岛上那间活动板房改成的小控制室,挤了七八个人。穆勒在推力席,布萨在测试席,汉斯·科尼格斯曼——飞行可靠性副总裁,德国人,早期核心之一——在遥测席。屏幕是几块拼起来的显示器,曲线一条一条,绿的是正常,黄的是临界,红的是不该出现的。
桌角放着一杯冷掉的咖啡。没人喝。有人手汗,把鼠标垫蹭湿了一块。另一个人把笔帽咬在嘴里,咬久了,留下两排牙印。

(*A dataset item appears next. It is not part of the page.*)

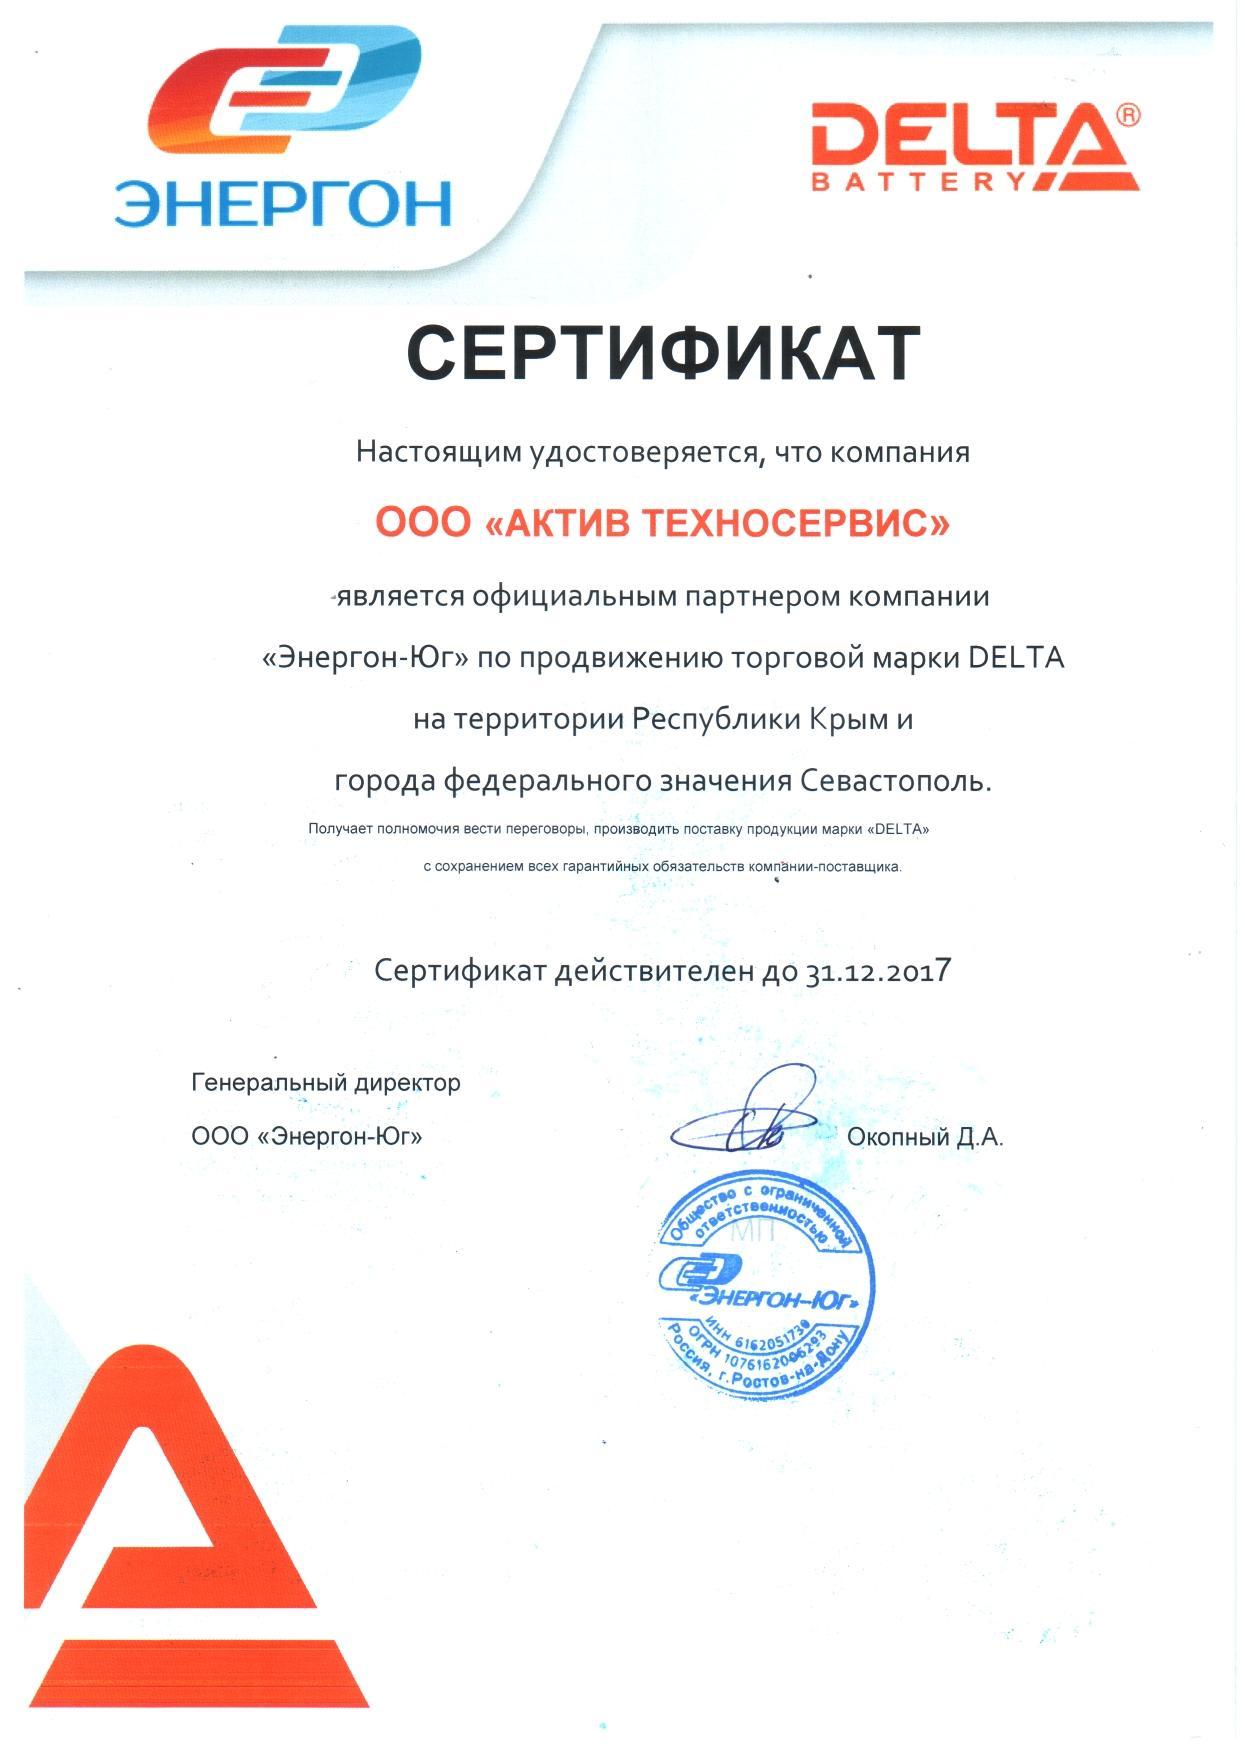 сертификат DELTA 2017.jpg

外面是夜。世界时 22 时 30 分,岛上当地时间傍晚。海面黑,发射台上的灯打亮,箭体在一圈光里,像被单独拎出来的一根。
板房外,剩下的人站在安全距离外。他们不进控制室,因为进不去——屋里满了。他们就站着,抬头看那根针,等它动。
风不大。海浪照常拍礁石。一只椰子蟹从板房后头爬过,没人理它。它大概不知道,今晚这岛上要发生的事,比它偷鞋重要。
"T 减十。"有人念。
"九。"
"八。"
念到零,点火。
一级发动机喷出白烟,先是一团,然后被自己的火推开。二十一米高的箭,动了。它离开发射台,慢慢抬起来,慢得让人心慌——头几秒,它不像在飞,像在被什么东西托着,犹豫。
然后它快了。
***
升空后,不对。
不是某个人说不对,是所有人都看出来了。箭体在滚。不是平稳地抬头,是拧着、晃着往上走。肉眼看得到,屏幕上也看得到:姿态角那条线,在抖。
"滚转偏大了。"科尼格斯曼说。
穆勒盯着推力曲线:"发动机在烧,没掉。"
可那摇晃,观感上就不对劲。像一个人起跑时先崴了一下脚,还能跑,可姿势已经歪了。
控制室里没人喊停。因为火箭还在飞,数据还在传,一切还能救。
然后,第二十五秒。
燃料管的一个接头处,漏了。不是漏一点,是喷。燃料喷出来,碰到热的地方,起火。屏幕上,那一处遥测先跳成黄,再跳成红,然后是一条直线——断了。
"漏油。"布萨说。
"起火了。"另一个人补。
火在箭体上,肉眼能看见。离台不远的观测点,有人举着望远镜,看见那团橘色的光贴着箭身走。
***
第二十六秒,火箭急速偏转。
不是慢慢歪,是猛地一甩。姿态线在屏幕上甩出一个尖角,像被人从侧面推了一掌。箭体本来该朝天上,这一甩,它朝了侧面。
"它偏了。"有人轻声说。
这句话说出来的时候,控制室里没有人动。不是不想动,是知道动了也没用——天上那东西,已经不听话了。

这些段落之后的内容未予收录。